Я не хотел говорить ему то, о чем думал в эти минуты. Колосков, видимо, оценил мое молчание. Успокоившись, он снова сел за мольберт.
— Вы поняли меня. Спасибо.
— Я понял. Только к чему такая паника? Вы молоды. Но главное не в этом. Жизнь и искусство нераздельны. Уйдите от своей работы и вы увидите, что потеряли главное богатство.
— И все же, как я завидую сейчас Нонне! Ее решительности, ее свободе. А у меня снова стрельбище, топкое болото на фланге и задушевные разговоры с Уваровым. Да еще словесные дуэли с Нагорным. Чудесная жизнь! — с иронией закончил он.
— Леонид Павлович, — спросил я его напрямик. — Неужели вас ничему не научила беседа с Перепелкиным? Ведь в том, что у вас нет теплоты во взаимоотношениях с Нагорным, вашей вины все же больше.
— Моей? Но вы же слышали, что я говорил об этом.
После этих его слов я решил пойти на полную откровенность и высказал Колоскову то, что, по моему мнению, мучило его.
— Да, я все еще на перепутье, — сознался Колосков, выслушав меня. — И я боюсь, что Юля чувствует это… Но как, как выйти из этого положения? Как, скажите мне, — еще раз повторил он.
Я сказал ему:
— Человек должен не наполовину, а целиком отдаваться делу. Тогда искусство и служба будут взаимно обогащать друг друга. А что касается взаимоотношений с Нагорным, мне кажется, в вас говорит одна обида. Но обида — плохой советчик. Да, Нагорный, может быть, во многом не прав, ему об этом еще не раз скажут. Но ведь его глубоко уважают все солдаты, и это уважение не пришло само по себе. Даже ваша жена говорит, что Нагорный ей нравится тем, что он влюблен в свой труд. А вы? Если бы вы любили свое дело так, как любите живопись, которой отдаете свободное время.

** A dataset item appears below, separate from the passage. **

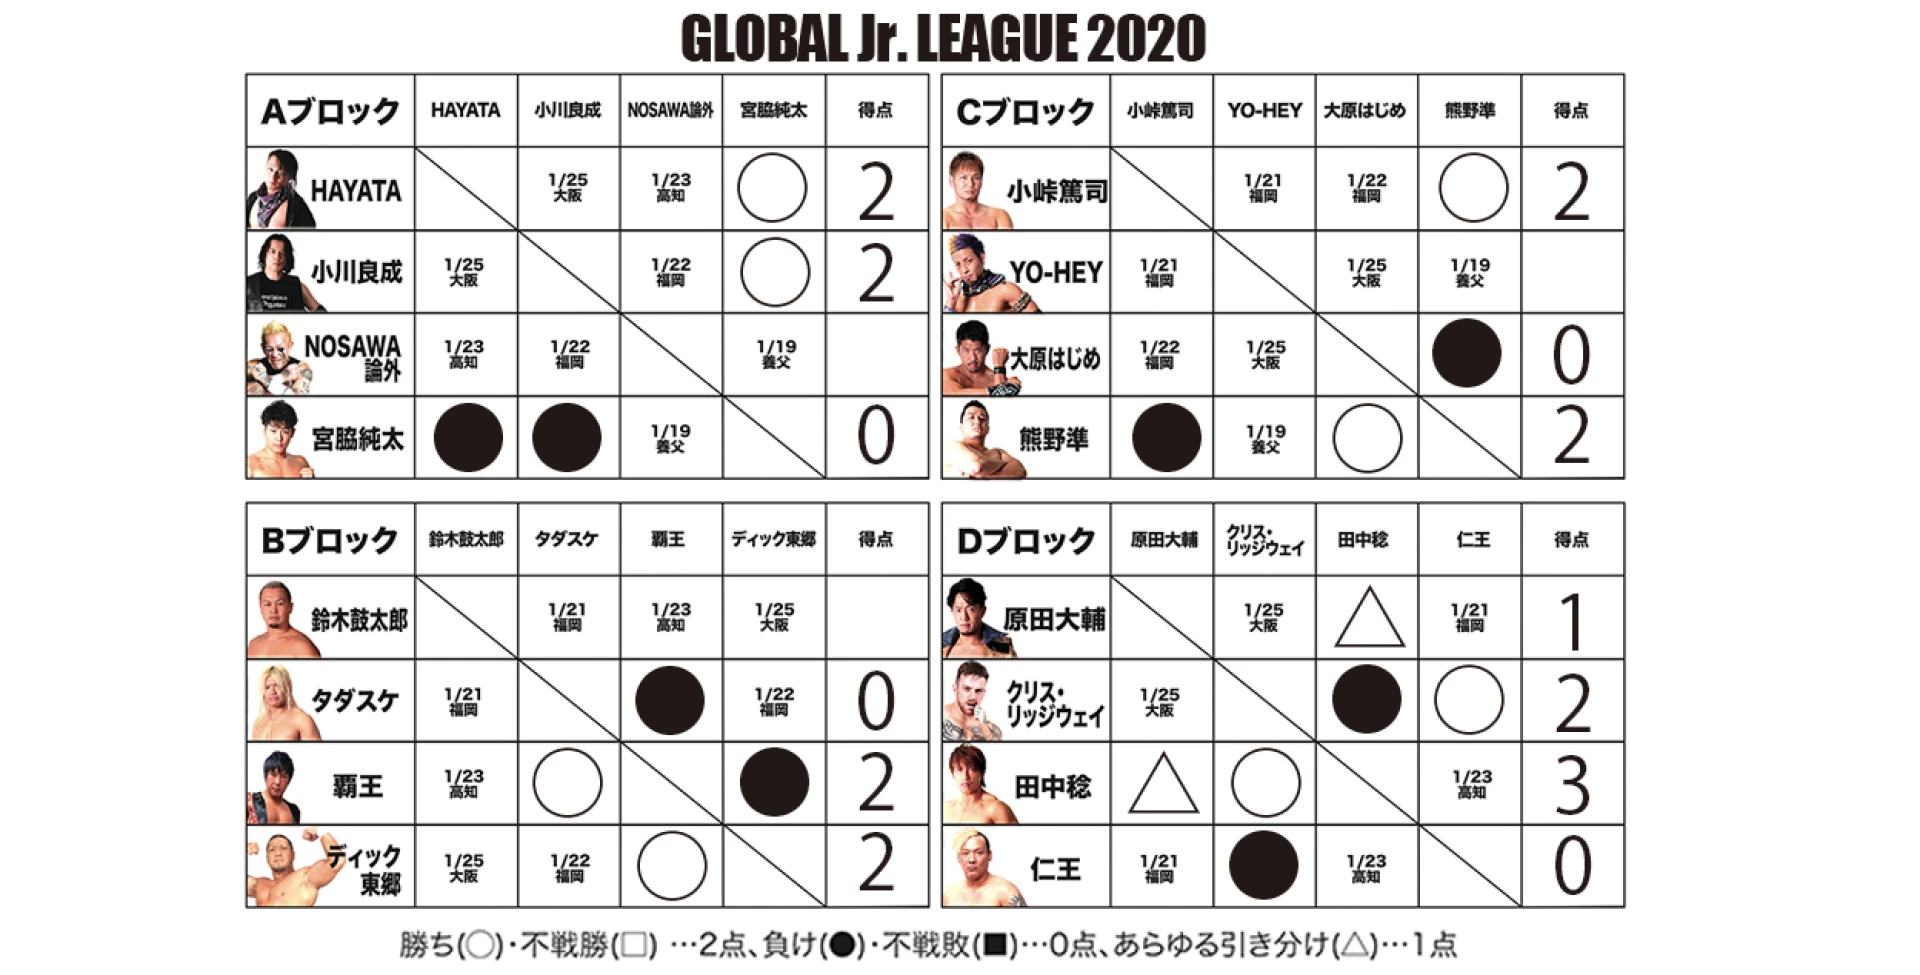 【1･12浜松終了時点】GLOBAL Jr. LEAGUE 2020 得点表

Не помню, что я еще говорил. Я был взволнован. Мне хотелось добра этому человеку, его жене, Нагорному, тяжело переживавшему свое горе и находившему успокоение в опасном труде, Уварову, испытавшему чувство первой любви, каждому солдату заставы, к которым я успел привязаться и которые — я знаю это — останутся для меня друзьями на всю жизнь.
Колосков ни слова не сказал даже тогда, когда я замолчал, но по выражению лица, по всему его виду я понял, что ему нужна была эта исповедь.
Мы сидели некоторое время молча, думая каждый о своем.
— А правда, что вы рисуете портрет Уварова? — спросил я.
— Раздумал, — едва заметно усмехнулся Колосков. — Я еще не поверил в него.
Он собрал этюдник, и мы вернулись домой. Сидя у горячей плиты, я слышал, как осенний ветер бился в окно, потом о стекло ударили капли дождя и вперемежку с ними на стекла стали падать мокрые снежинки. Первый снег!
Вдруг дверь распахнулась и вбежала Юля.
— Светланка заболела! — задыхаясь, произнесла она, прислонилась к косяку двери, закрыла лицо ладонями и заплакала.
16
Нагорный ничего не знал о болезни дочери. В то время как мы разговаривали с Колосковым, он находился на станции, где проводил беседу с железнодорожниками — членами добровольной народной дружины.
Я связался с ним по телефону и, стараясь подавить охватившее меня волнение, рассказал ему о состоянии здоровья Светланки и о том, чтобы он ждал приезда врача, выехавшего из отряда.
— Так, — ответил Нагорный. — Все ясно.
Все, что произошло после этого короткого телефонного разговора, я узнал впоследствии от врача Бобровской, от начальника станции Ивана Макаровича, а кое-что и от самого Нагорного.
А было так.
Закончив разговор, Нагорный еще раз взглянул на свои часы, сверив их со станционными. До прихода поезда оставалось почти два часа. А потом еще нужно будет добираться до заставы по осенней грязи, перемешанной со снегом.
Нагорный сидел в жарко натопленной комнате начальника станции и лишь из-за того, чтобы не обидеть его жену Домну Тихоновну, пил чай с вареньем. Иван Макарович, узнав о болезни девочки, сознательно отводил разговор на другую тему.
— Большое дело мы сделали, Аркадий Сергеевич, — говорил он. — Какую звездочку в небеса запустили. Американцам нос утерли. И, доложу тебе, спутничек второй раз над нашей станцией пролетает, вот оно как. Полюбилась она ему, даром что малютка. Я его, милого, лично своими глазами видел.